Culture

The workshop continues its remorseless march across the modern world

Is there any more terrifying phrase in the modern English lexicon than ‘Sort yourself into small groups and discuss this please’?

You can’t get away from it. Every meeting or public speaking event these days has to feature one. Small-group discussion is de rigueur no matter what the context. I’m expecting a workshop now every time I turn up to something that has more than two people there. Next gig I go to I fully expect the band to do half their normal set and fill in the rest of the time getting people sorted into small groups with buttons they can press to signify agreement or disagreement.

This is especially the case when someone is being paid to give a talk. Why waste your time writing down something that might interest and entertain your audience, when you can get them to do your work for you? Why spend your days trying to work an hour’s talk into a proper shape when you can get away with fifteen to twenty minutes of introductory pap, and then fill up the rest of the time getting groups of three or four utterly bored and uninterested people to talk about it themselves, and then report their bored, piss-poor observations to the rest of the room, who all nod their heads and pretend that something worthwhile is being said?

British people generally don’t like this sort of thing, but they put up with it because it’s the latest done thing, and they don’t like to be seen making a fuss. (Americans may be more enthusiastic.) Anyone who tries to get out of it will immediately be publicly shamed — I know, I’ve tried it a few times, and it’s like saying you voted Brexit at women’s group meeting. The level of aggression immediately displayed towards anyone who doesn’t play the game is quite disturbing.

Also, British people tend to think that the crapness of their discussions is down to their own inadequacies. But it’s not. Every discussion in a workshop setting — except for those where it’s really important to do it, and the people involved have a real motivation to do it well — is crap.

Small group discussion is, of course, suitable for seminars/tutorials at University. That’s their proper place, where the point is (or used to be) to develop bright young minds. But even there they’re mostly crap, and mostly painful for everyone involved. They’re not something you want to do again once you leave University. On the contrary, most people who’ve got their BA never want to do one ever again. If they do, they want it to be a high-level workshop with, say, other brilliant graduate students so they can finally have a tute which isn’t full of morons.

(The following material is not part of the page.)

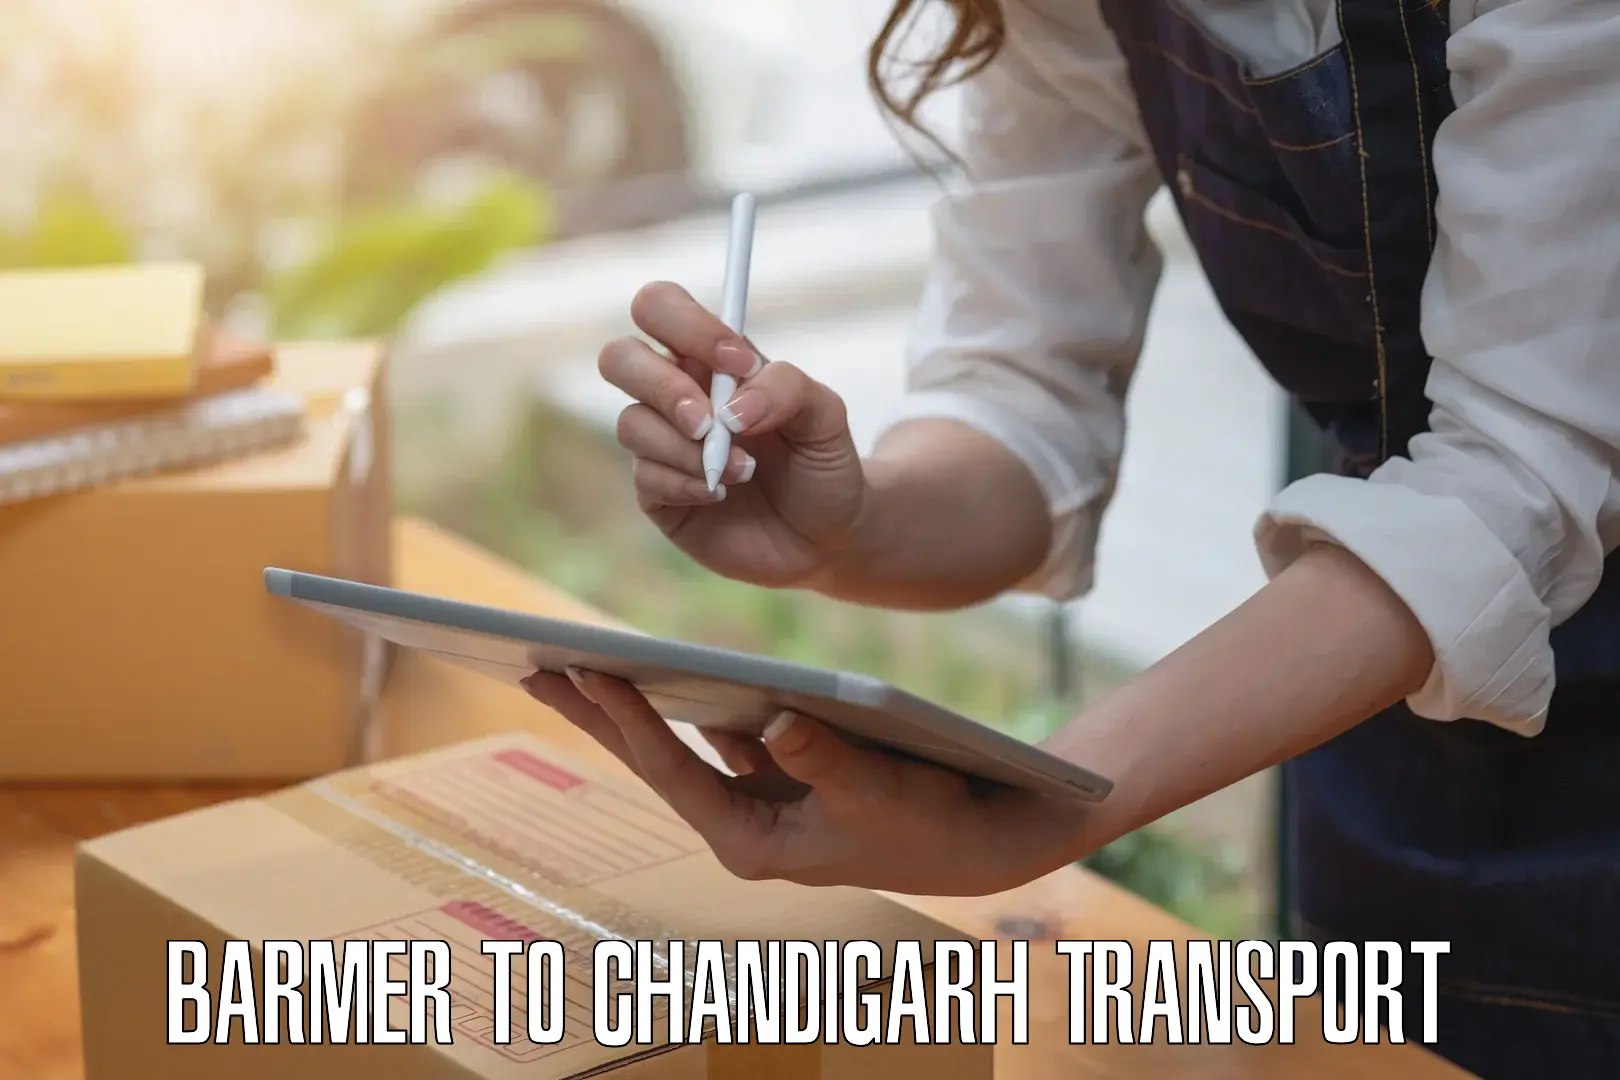 Cycle transportation service Barmer to Chandigarh

But generally workshops outside the University context are even worse, because there’s no degree result at risk, and you’re just doing it to please your boss, or your wife or husband, and there’s no lecturer who really knows the area bringing some focus to the discussions, and filling in with useful material when conversation dries up. It’s just forty or ninety or whatever minutes of pain, when beforehand you’d gone in expecting to hear someone with some expertise talking about what it is they have expertise in, and giving you some knowledge, but instead you have to hear a load of people with no expertise in the area, including yourself, talking a load of embarrassing tosh to fill in the time because the person who supposed to have expertise either doesn’t have it, or they just couldn’t be bothered writing a proper talk.

The supposed rationale for workshops is supposed to be that you will absorb the material better if you’re engaged in it rather than being a passive recipient, and there is some truth in that if it’s a serious topic that you really want to know more about, and you have a pretty good idea already about it. But as anyone who ever went to a University tutorial/seminar unprepared can tell you (and that’s pretty much every Uni student), a tutorial/seminar that you go into without knowing anything about the topic is useless. And any tutorial/seminar that you go into where you aren’t really motivated to participate in properly is also a waste of time, even if you do know something about it.

And I’ve even been to workshops (outside the University context) where the people involved were knowledgable, and were keen to learn, but it was still rubbish. That’s because workshops just don’t suit most occasions — generally it’s a very inefficient way of transferring knowledge. It’s also because, as I said above, a workshop is usually an excuse for lazy speakers to avoid doing the work they should have done and passing the buck to the idiots who were stupid enough to waste their time turning up.

So from now on I’ll never again attend anything — any sort of occasion at all — without first checking whether it involves a ‘workshop’. If it does, it will do so without the use of my forced labour as a part of it.